Добавить в цитаты Настройки чтения

Страница 17 из 33



Проснувшись, я не сразу понял, где нахожусь. Кто-то пытался стянуть с меня одеяло. Женский голос повторял: «Это мое кресло, номер тридцать один. У меня есть на него квитанция…» Я сел, совершенно ошеломленный, и стал извиняться, объясняя, что занял это кресло случайно, мол, освещение здесь плохое, и я очень сожалею…

— Ничего, — уныло ответила женщина, — я привыкла к подобным недоразумениям.

Голова у меня разболелась еще сильнее, к тому же я ужасно замерз. Почти все кресла были заняты спящими пассажирами, я просто-напросто уселся на пол и стал массировать затылок.

— У вас что, нет квитанции? — строго спросила женщина.

— Нет.

— Вы потеряли ее? Все каюты заняты. И здесь, на палубе, ни одного свободного места.

Я ничего не ответил. Может, они разрешат мне спать хотя бы на полу.

— Где вы так промокли? — продолжала она. — От вас разит виски. Мой сын Херберт тоже пьет виски.

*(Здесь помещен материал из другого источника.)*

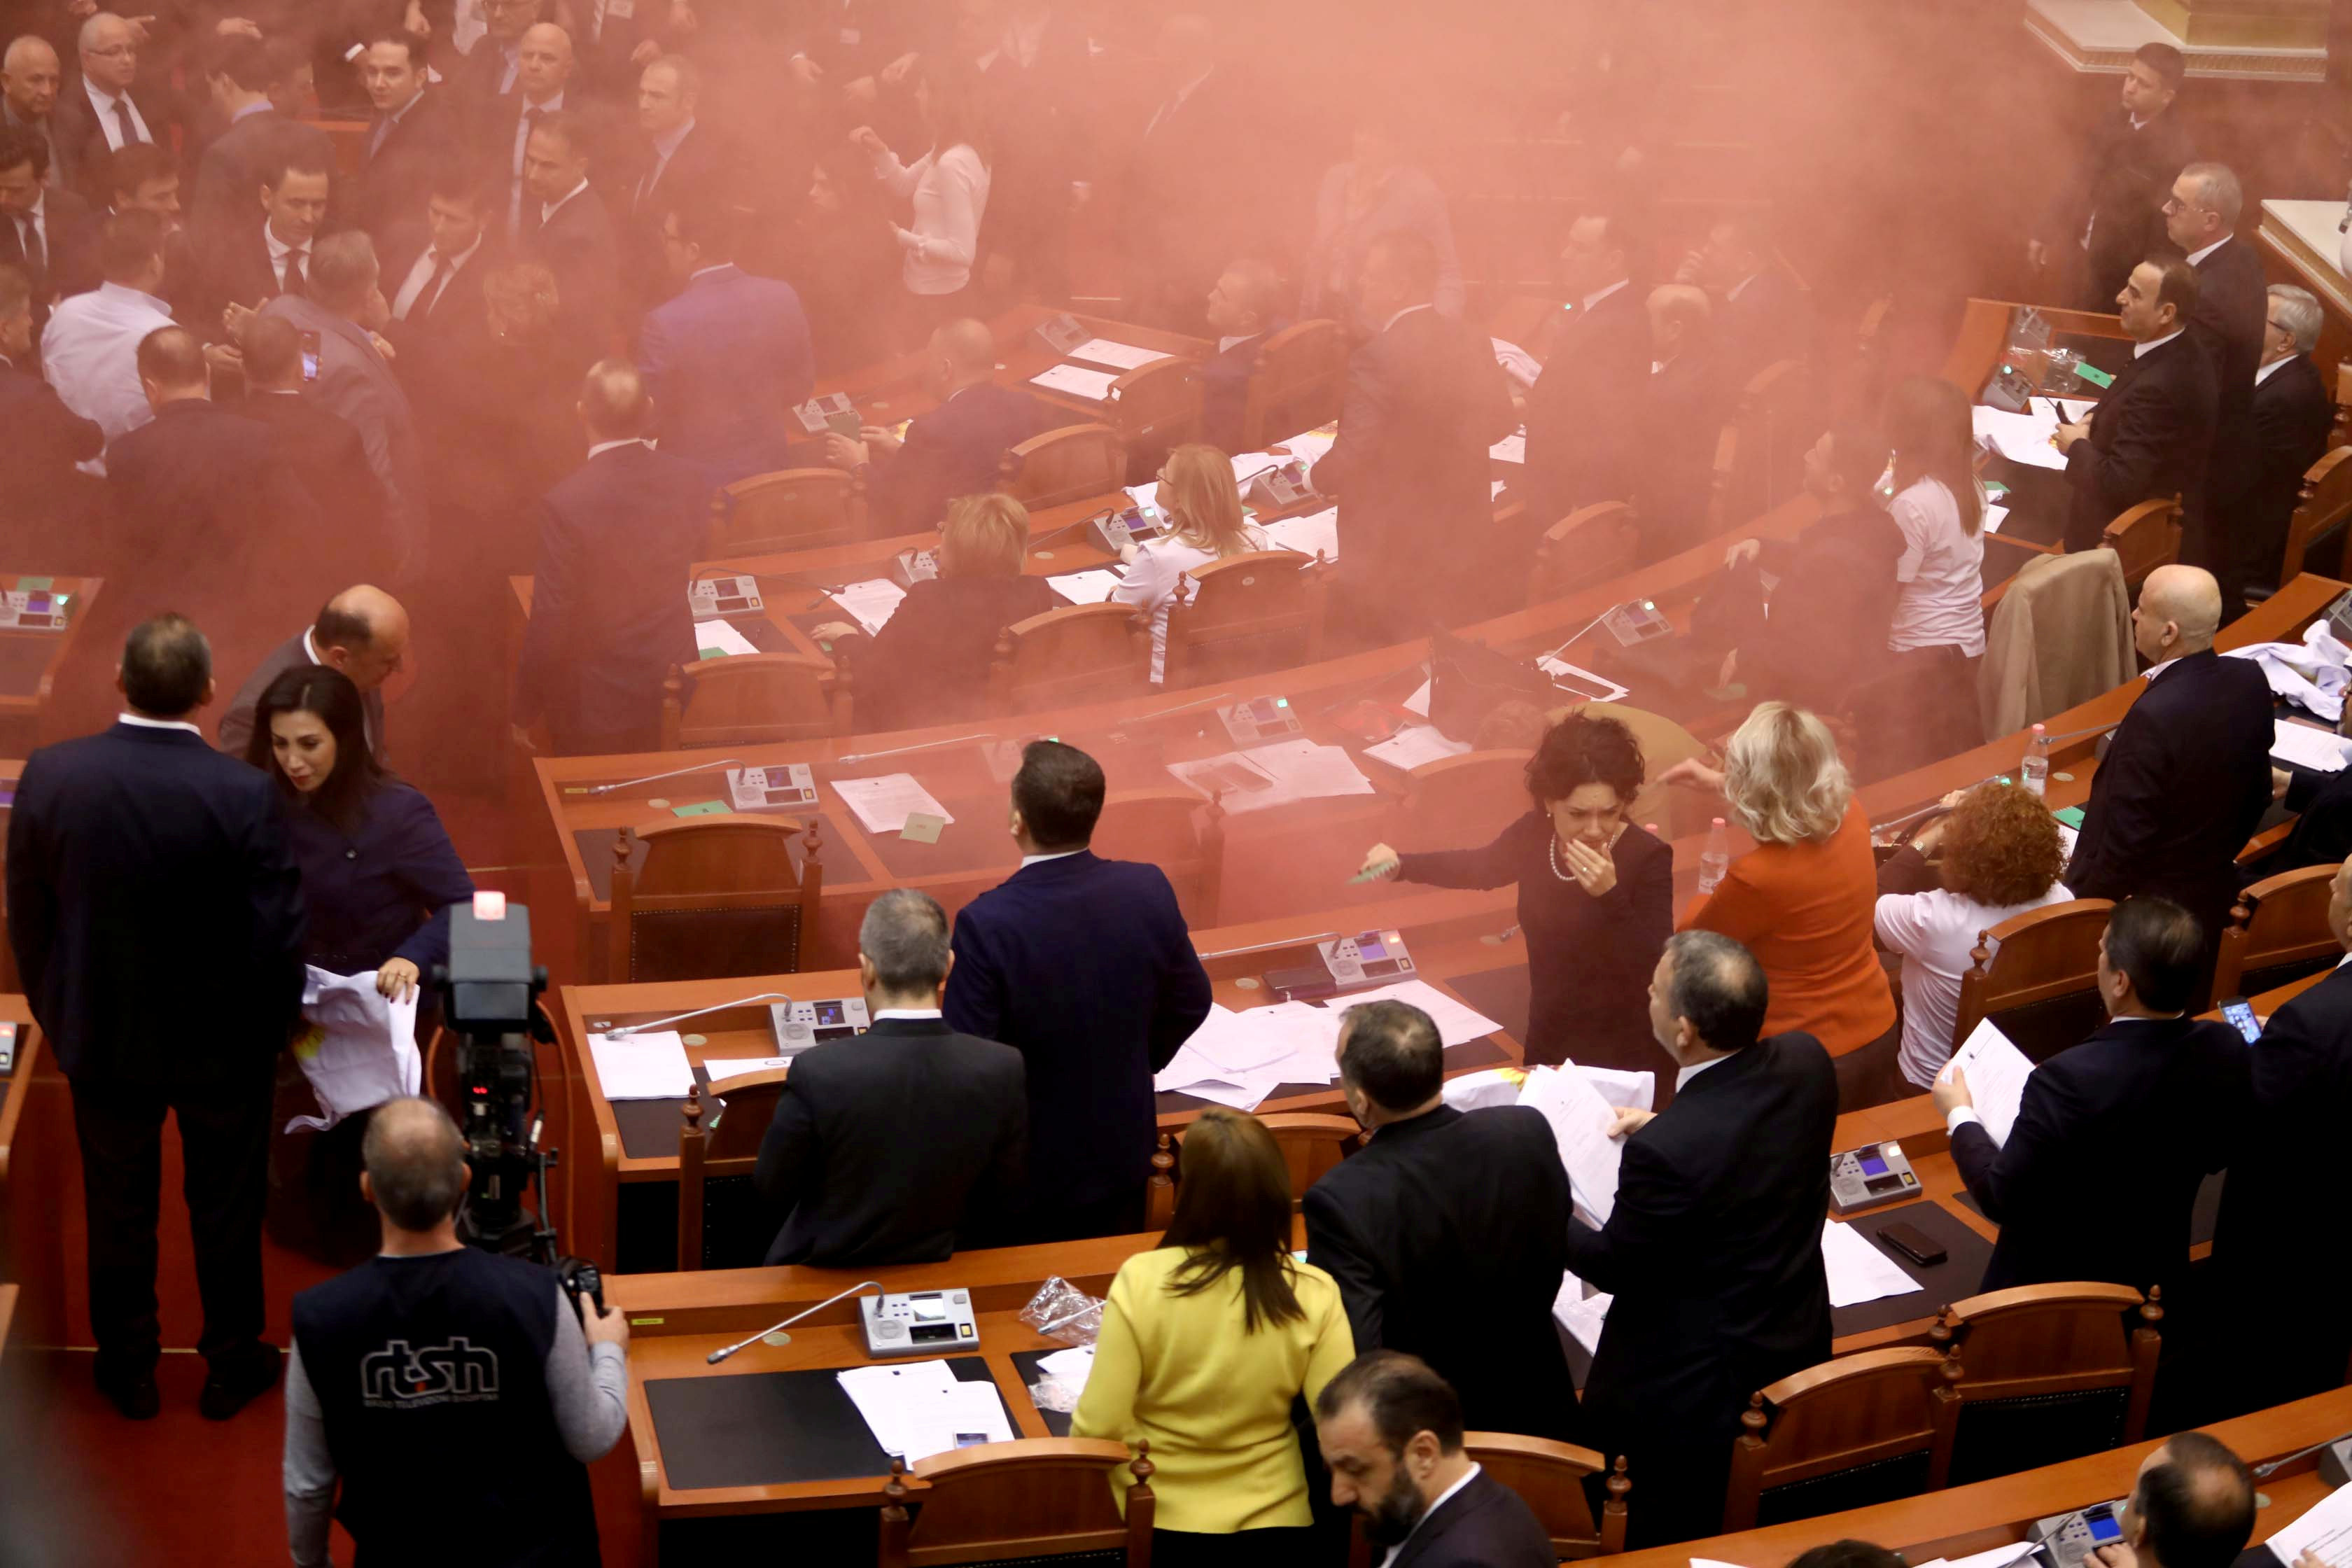 Arnavutluk meclisine sis bombası atıldı

Один раз он упал в озеро.

Она сидела, закутавшись в мое одеяло до подбородка и положив шляпу к ногам, маленькая, костлявая, седовласая, с загорелым лицом и крошечными пронзительными глазками.

— Мой чемодан стоит вон там. Принесите его сюда, если сможете. В таком месте, как это, надежнее держать свои вещи рядом с собой. Осторожнее, не поломайте коробку с печеньем. Я везу ее Херберту.

Чуть погодя пришли еще пассажиры и стали искать свои кресла. Теплоход сильно качало, кого-то поодаль стошнило в бумажный мешок.

— В Лондоне все будет по-другому, — сказала старая дама, подвинув чемодан поближе к своему креслу. — Нужно только отыскать его адрес. Вы не подскажете, где узнают адреса?

— Нет, — ответил я. — Но, быть может, пассажирский помощник…

— И вы собираетесь спать так всю ночь?

— Да, я очень устал.

— Понимаю. Виски стоит дорого, — добавила она чуть погодя. — Вы ничего не ели?

— Нет.

— Так я и думала. У них есть еда в гриль-баре. Но мне он не по карману.



Я свернулся калачиком на полу, запахнул поплотнее плащ и тщетно попытался уснуть. Как могла эта старуха отправиться в Лондон, даже не зная адреса сына? Ведь ее непременно задержат при сходе на берег. Времена нынче таковы, что нужно предъявить бумагу, к кому едешь, и иметь определенную сумму денег, а не то тебя не впустят в страну… Откуда она сама-то? Верно, из глухой провинции. Она испекла сыну печенье… Господи, до чего же люди беспомощны и бестолковы!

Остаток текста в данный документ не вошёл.